Indeed, BALSAMIC requires a specific naming format to differentiate read1 and read2.
General required input format is to start BALSAMIC is : [fastq_dir]/[samplename]_[1,2].fastq.gz
. I am not sure if renaming is handled by cg while linking fastq files..
For both mutant and microSALT, cg gives the fastqs new names during linking for analysis. Changing the naming convention of demux files should not affect microSALT or mutant, unless cg linking is affected.
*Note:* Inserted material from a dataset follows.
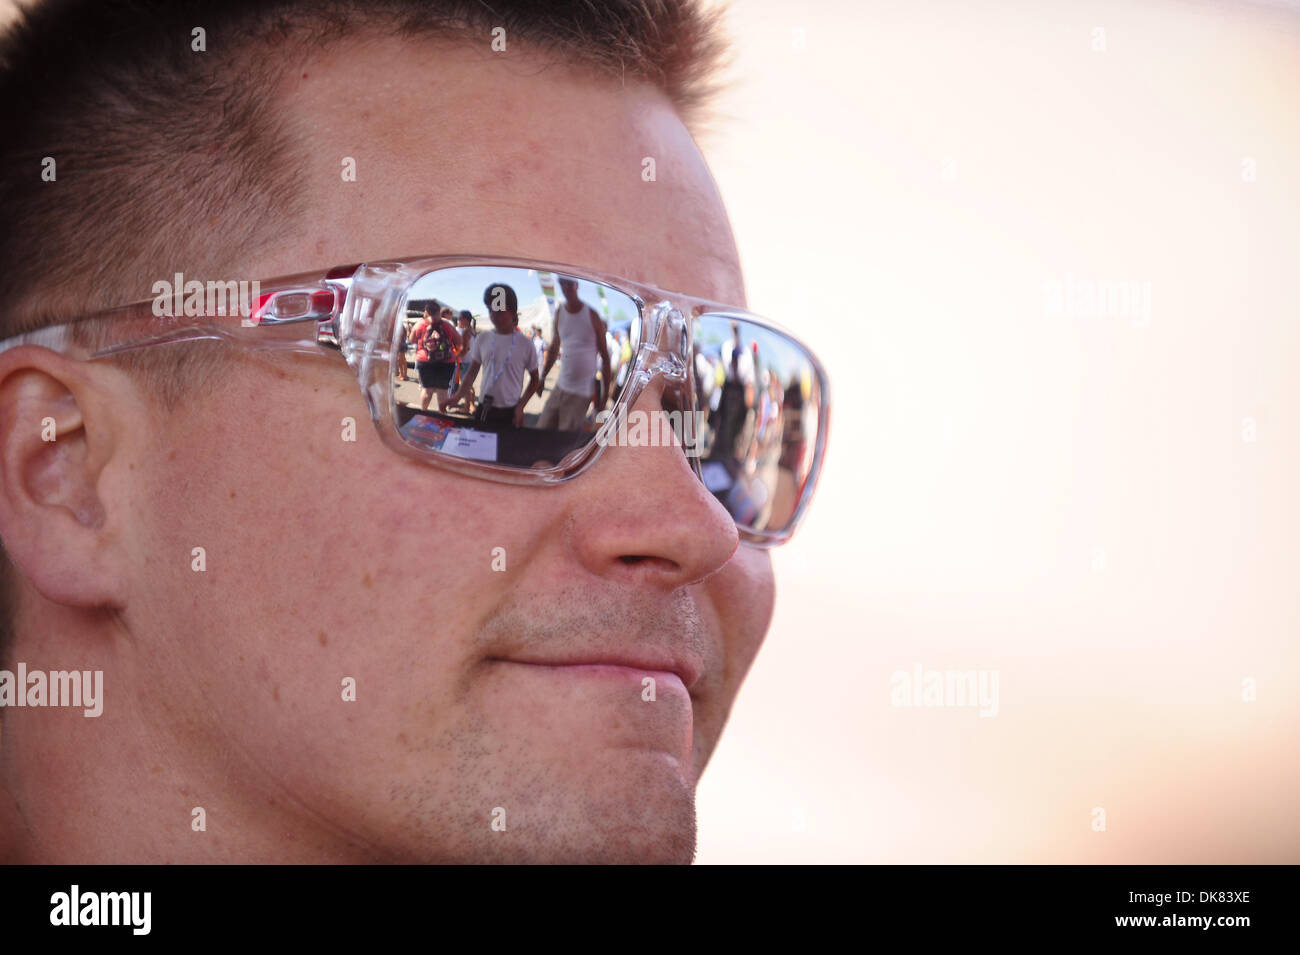 9 juillet 2011 - Lakeville, Connecticut, États-Unis - pilote Risi Competizone Toni Vilander lunettes de partager une réflexion de fans attendent des autographes avant le Grand Prix nord-est de l'aumône à Lime Rock Park. (Crédit Image : © Geoff Bolte/ZUMAPRESS.com) Southcreek/mondial Banque D'Images

The fastq files from NovaSeq are now named in the following way:
<flowcellID>_<sample-name>_<line-number-in-samplesheet>_<lane-number>_<R1/R2>_001.fastq.gz
Sample name = the customers name of the sample. I suggest that we change the naming to the following:<flowcellID>_<sampleID>_<lane-number>_<R1/R2>.fastq.gz
We need the lane number and R1/R2 in order to separate the 8 fastq files, but i guess there is no need for the trailing _001?Here is some examples of the names of fastq files from HiSeqX:
HJCGKALXX-l1t11_999226_S3_L001_R1_001.fastq.gz
HJCGKALXX-l1t11_Undetermined_S0_L001_R1_001.fastq.gz
I suggest to change it to the same naming as for NovaSeq, but with _Undetermined if needed.Do you think the fastq files should be named in another way? Do we need any more information in the names?